本書で繰り返される主張の一つに、「資本主義は無限の経済成長を目指す」とある。そんなことを誰が言っているのだろう。素朴にそう考えている経済学者や政策決定者がいるのだろうか。地球の資源は有限であるということを考慮に入れていない場合はあるかもしれない。しかし、無限に経済は成長可能だというイノセントな青写真を描いている者が本当に存在するのか。著者にとっては自明な事実なのかもしれないが、経済や環境問題にそれほど明るくない私には、仮想敵と戦っているような印象を受ける。

本書の記述は、一つ一つは正しく、一考の余地がある。だが本書では、そういった正しそうな事実やデータを、しばしば途轍もない飛躍を経て「成長をやめる」という主張につなげてしまう。例えば、「生活の規模を1970年代後半のレベルに戻そう」と主張し、「日本人は海外旅行ができなくなる、ボジョレー・ヌーヴォーを飲めなくなる。地球環境に比べれば大したことがないだろう」と述べる。今から40年以上前の生活水準に戻したときのダメージは、海外旅行だとかワインが飲めないだとかで話が済むような問題ではないだろう。この過激な結論をさも当然の帰結だというようにあっさり流しているが、ここを掘り下げて議論しなければすべてが机上の空論だ。
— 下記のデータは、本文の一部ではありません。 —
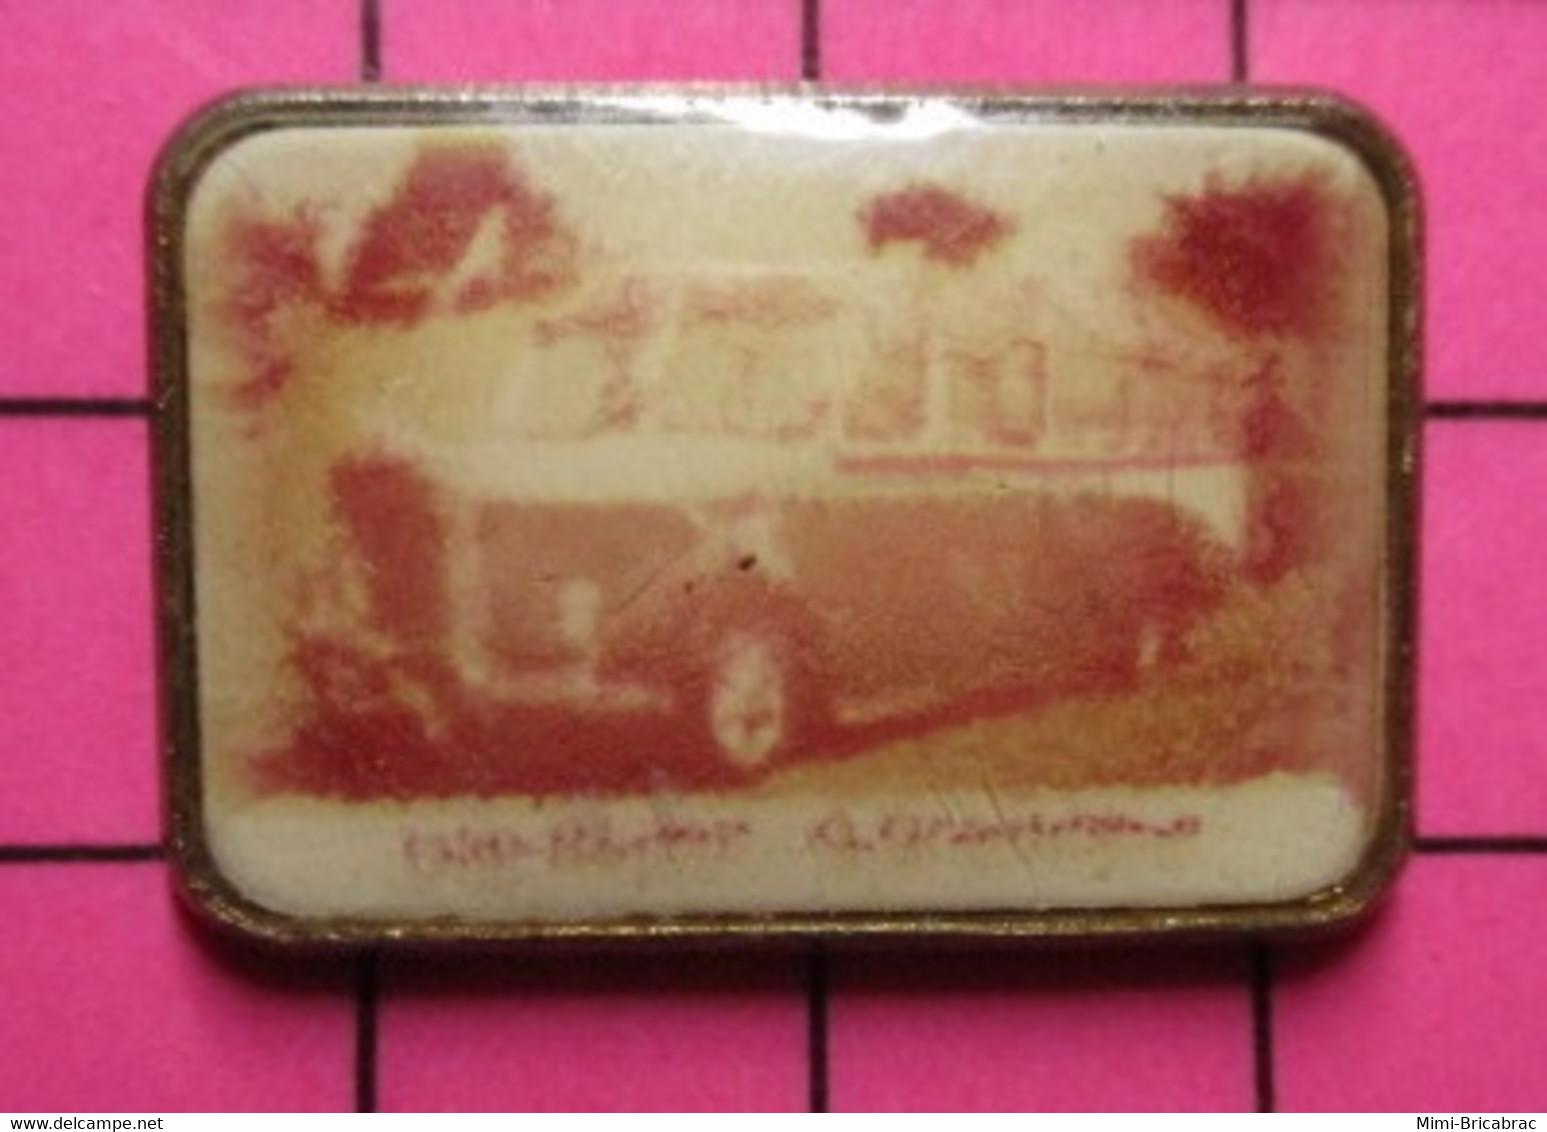 SP03 Pin's Pins / Beau Et Rare / THEME : TRANSPORTS / AUTOBUS ANNEES 40 NON IDENTIFIABLE - Marche

著者はこの本を出版することで何がしたいのかがわからない。覆水盆に返らずというように、資本主義やグローバル化はもはや不可逆な変化だ。全世界を脱成長という一つの意思で統一して運営することなどできない。彼の主張は手段の目的化が著しいように思う。客観的なデータを参考にして複雑な現実を読み解き解決策を提示していくのではなく、「脱成長」という示したい主張のためにデータを恣意的に引用して論を補強しているように見える。

本書には、内容とは無関係の不満がある。ネット上の記事の引用が多く、リンクが記載されているが、リンク切れしているものが多い。

日記

断酒15日目。夜中に3時頃から2時間くらい寝たのだが、虫が出る夢を見て起きてしまった。結局その後、朝9時から14時くらいまで、午前中寝た。
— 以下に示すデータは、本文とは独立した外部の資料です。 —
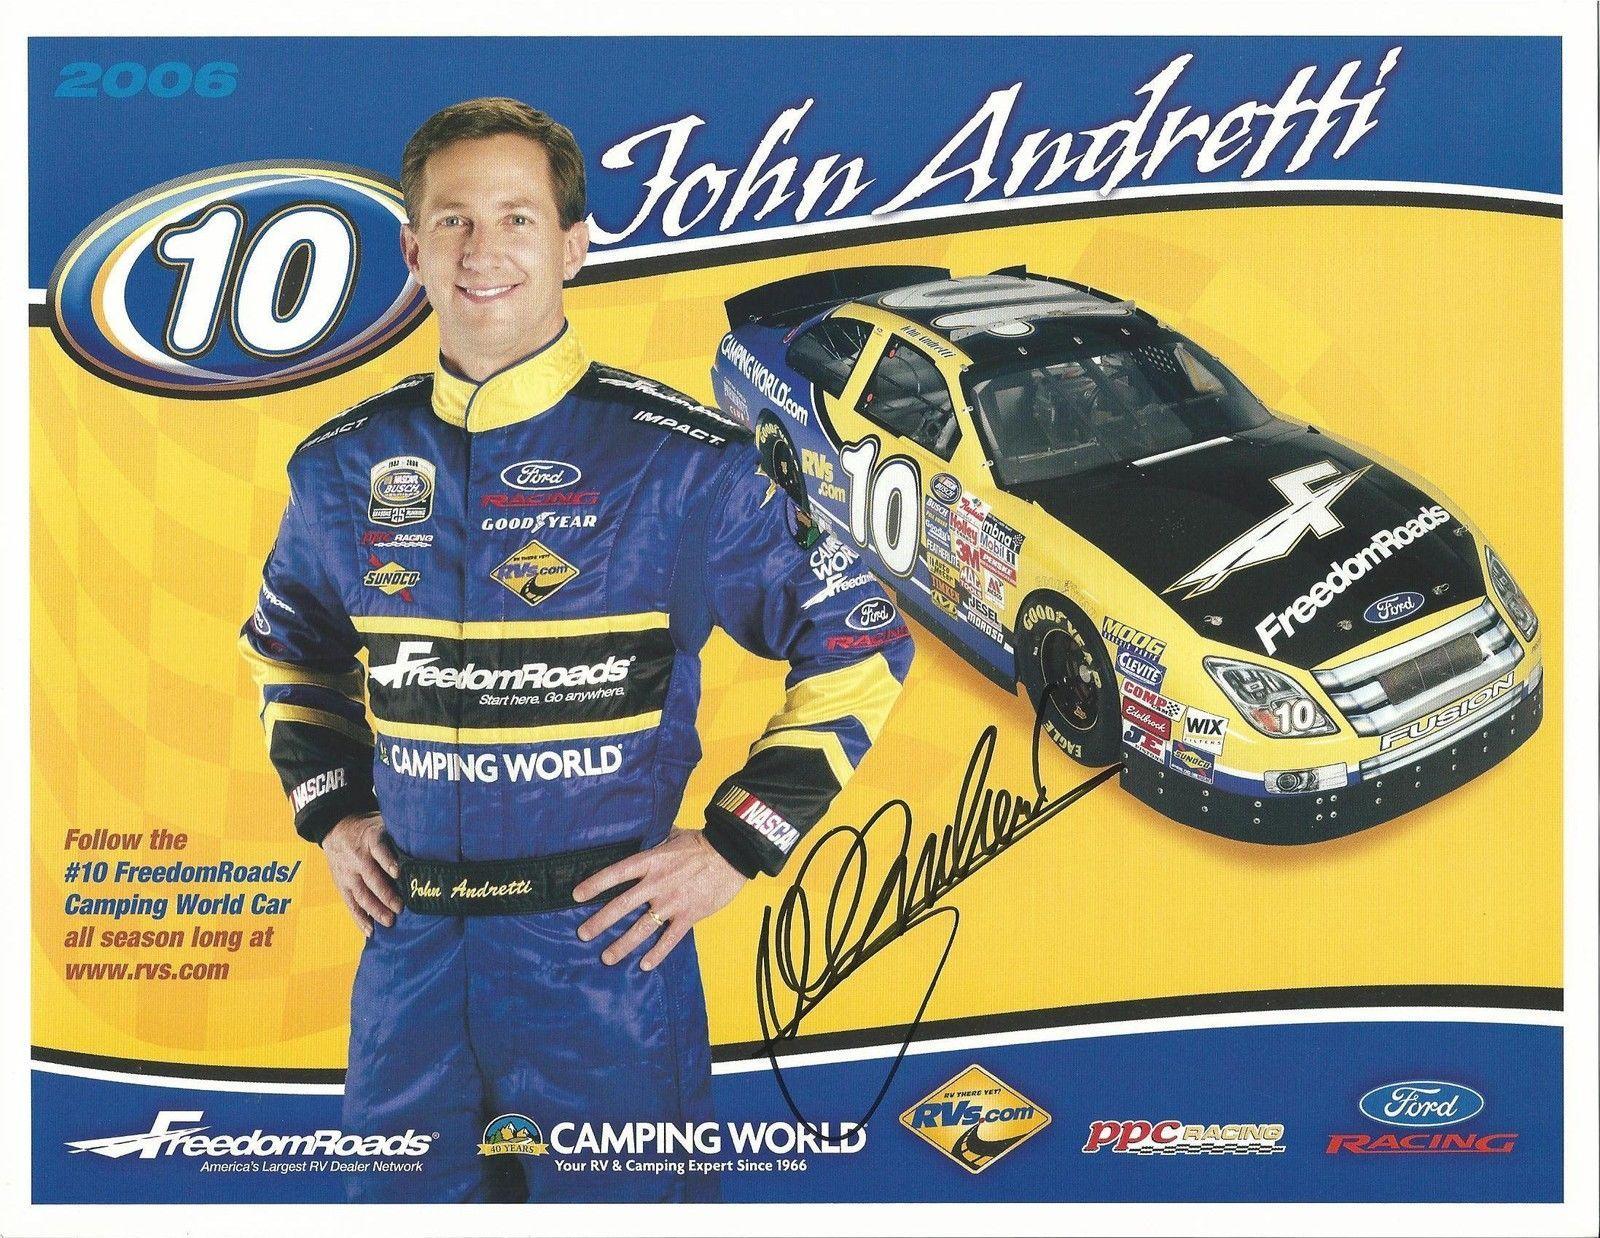 2006 JOHN ANDRETTI #10 FREEDOMROADS POSTCARD SIGNED

これは本書に限らないのだが、なぜ哲学では「カント研究」「マルクス研究」というような、特定の一個人の思想を研究することが罷り通るのだろう。仮説に過ぎない思想を論理だけを用いて深めても、前提が間違っていればその体系は空想に過ぎない。仮説は検証されなければならない。

自然科学では、コンピューターシミュレーションをすることがある。それはシミュレーションだが、故にパラメーターを変えれば様々な状態をシミュレートできる。それだけではただのシミュレーションに過ぎないが、そのパラメーター群から現実に適う条件を探すことができる。無論、予期せぬ要因によって現実に適合しないことがあるが、それは発見次第しらみつぶしに修正していけばよい。それでもダメならシミュレーションの前提が間違っているので新たにプログラムを組み直す。

これは自然科学に限らず経済学・環境問題・哲学分野でも応用可能な方法だと思う。実際、経済学でのノードハウスの温暖化研究などでは、温室効果ガスの抑制コストなど様々な因子をパラメトライズした結果、炭素税をかけることで人為的な温暖化を抑えられるというシミュレーションをしている。そして実際、現実に合わなければその都度修正を加える。そういって政策決定にも影響を与える現実的な理論を作り続けている。地球温暖化問題は未曾有の危機だ。だが、誰も経験したことがないからといって何も考えられないわけではない。脱成長に理があるなら、まずは厳密でなくてもいいので現実をパラメトライズした反証可能な理論をつくればいいと思う。

と、いろいろ調べながら3章くらいまで読んだ。何も考えなければ文章自体は非常に読みやすいので、あんまり時間を書けずに読めると思う。メモを取り始めて長くなってしまった。